I honestly don't know ... as you said it doesn't matter how they achieve the desired results. So at this point I know virtually nothing about the Dolmar other than it's a precursor to what's coming in their model line over the next few years and it seems to make the EPA happy. Anything I learn about them is new knowledge to me. And to another post earlier in this thread; Folks say I'm Husqvarna focused....I am because its what I have access to. I just like working in the woods and enjoy the saw part of that equation regardless of brand, I've had more fun with My Huztl MS660 builds than anything short of the Husqvarna 372's & 562's....where is the brand loyalty in that?


----------



## svk (Apr 30, 2016)

Regarding issues with the early AT models: I once bought a first model year snowmobile and learned my lesson. I feel for those who have had issues. 

With that being said if legitimate issues come up from any saws that slipped through the cracks, any AS member should know darn well what to do with it at this point. And if they come across a dealer who doesn't know what to do, they need to find another dealer.


----------



## weimedog (Apr 30, 2016)

svk said:


> Regarding issues with the early AT models: I once bought a first model year snowmobile and learned my lesson. I feel for those who have had issues.
> 
> With that being said if legitimate issues come up from any saws that slipped through the cracks, any AS member should know darn well what to do with it at this point. And if they come across a dealer who doesn't know what to do, they need to find another dealer.


Exactly.


----------



## weimedog (Apr 30, 2016)

CoreyB said:


> I would think you would share this on all the 562 problem threads as well as the 555. There seems to be at least one thread a week on those with major problems.
> I thought the point of Autotune was to make the saw more simple for the operation of the saw. Why is it such a problem for people to operate it properly?

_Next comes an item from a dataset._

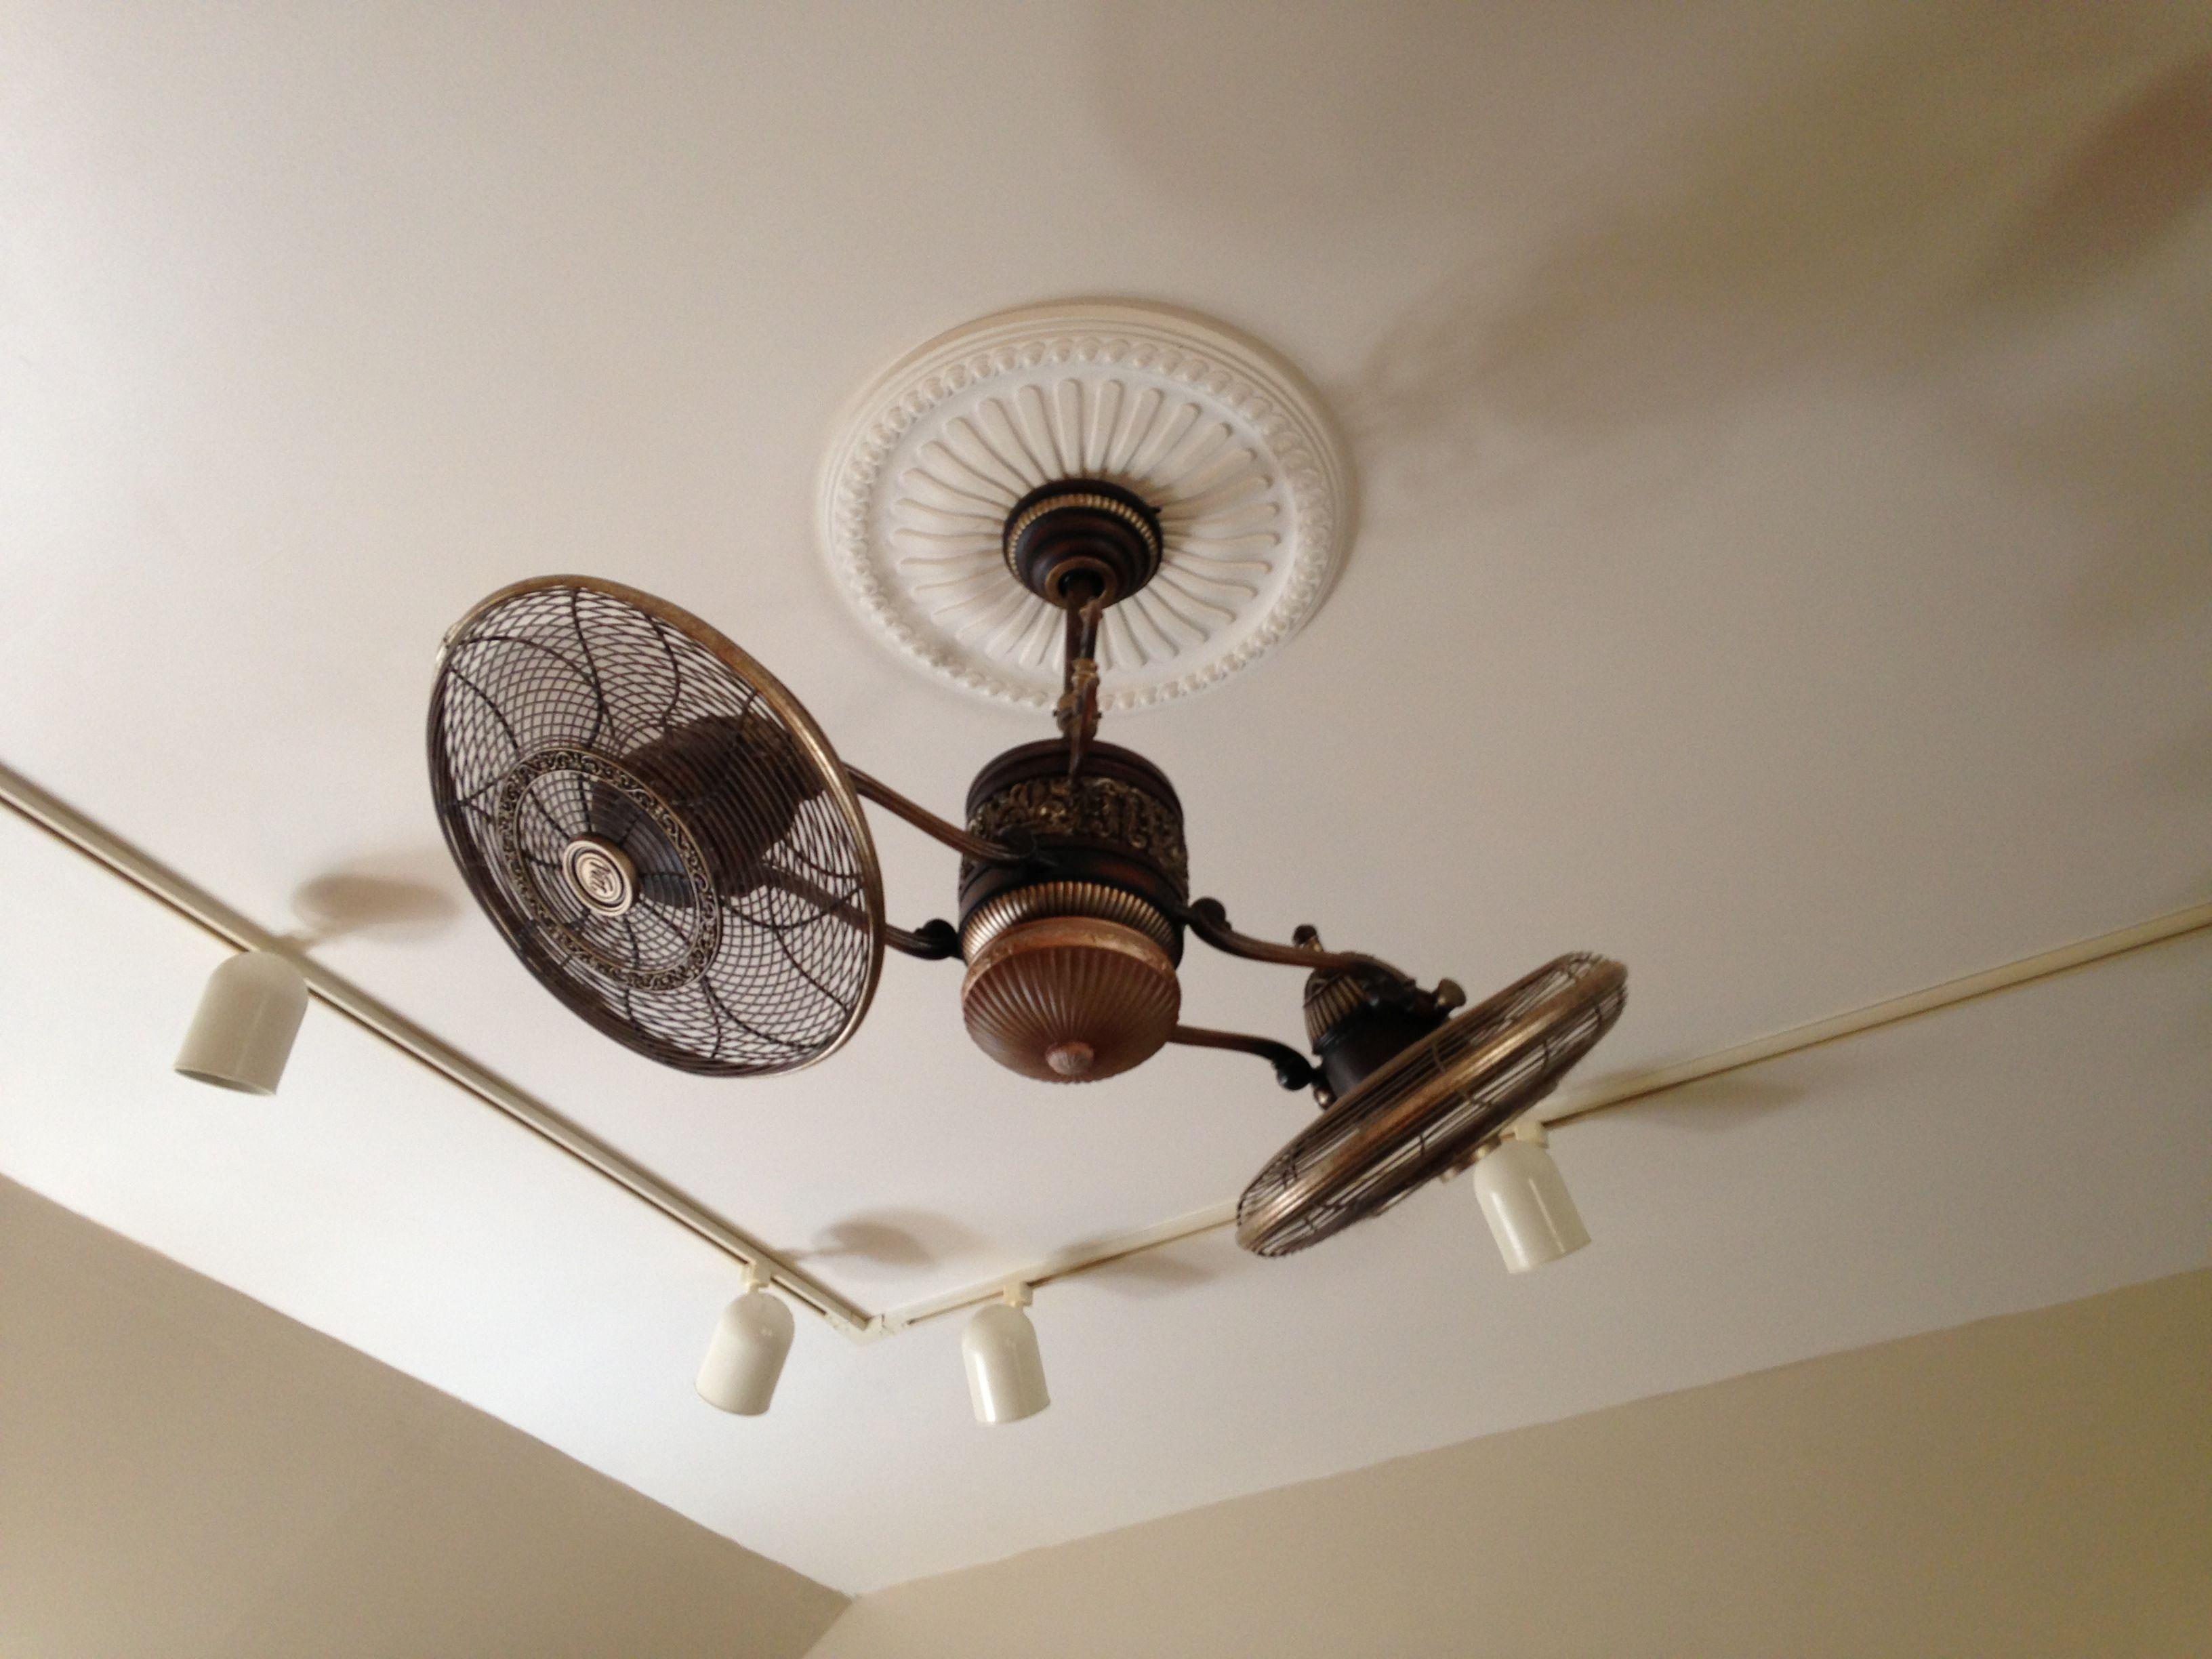 cool old school ceiling fan idea bar ideas pinterest ceiling fan ceilings and house. Black Bedroom Furniture Sets. Home Design Ideas

I thought about this a little....I have to confess I wasn't all that thrilled with the concept for a long time. Partly because of some of my "X-torq" experiences (even though they had NOTHING to do with autotune tech) , but I loved running my 555 so I knew at some point I simply had to dig in to those autotune saws...and when I first started working on them I was quite skeptical.....did a series of video's.. The first one got me a pile of hate mail because I was in fact a little hard on them .. And through the series I learned. Towards the end I warmed up to them and now I can tell you it was worth the effort.
A YouTube "play list" that documents that experience. Actually over a period of time & not for the simple minded, actually gets a little "how to build the damn watch" complex. BUT they do cover a lot of the changes in those models since they were first introduced. Need to do a "condensed" version at some point :

https://www.youtube.com/playlist?list=PLtw-MqiEnI4FycTP1g2bjRM05YwvrovZm


----------



## CoreyB (Apr 30, 2016)

Chris-PA said:


> I thought it was their reed valve strato, but didn't think it was AT?


The dolmar 6100 is not an Autotune. It is a reed strato. And will cut a ton of wood on one tank of fuel. 
In all honesty autotune doesn't bother me except when even the local dealers will not support or work on them. (Yes poor dealer) the only local dealer that would even order me a 562 to be able to check it out stated it is bought sight unseen, no returns and no warranty work would be done by them. Because they did not and will not support the AT platforms. 
Me I am more about easy starting, great AV , easy to clean and maintain, and no stupid outboard clutch unless under 35cc.


----------



## weimedog (Apr 30, 2016)

CoreyB said:


> The dolmar 6100 is not an Autotune. It is a reed strato. And will cut a ton of wood on one tank of fuel.
> In all honesty autotune doesn't bother me except when even the local dealers will not support or work on them. (Yes poor dealer) the only local dealer that would even order me a 562 to be able to check it out stated it is bought sight unseen, no returns and no warranty work would be done by them. Because they did not and will not support the AT platforms.
> .



I get that completely. We have a local dealer who hurt the model. Conversely three hours east of here is a dealer who has just as much pro logging and more than 50 percent of his customers have converted over to the 562's to where the 562 is his best selling model.....and a huge reason why is exactly what you just articulated. As far as Echo's. I would think since this isn't an affluent area, they would do better. Might be a dealer issues as those transcend brands..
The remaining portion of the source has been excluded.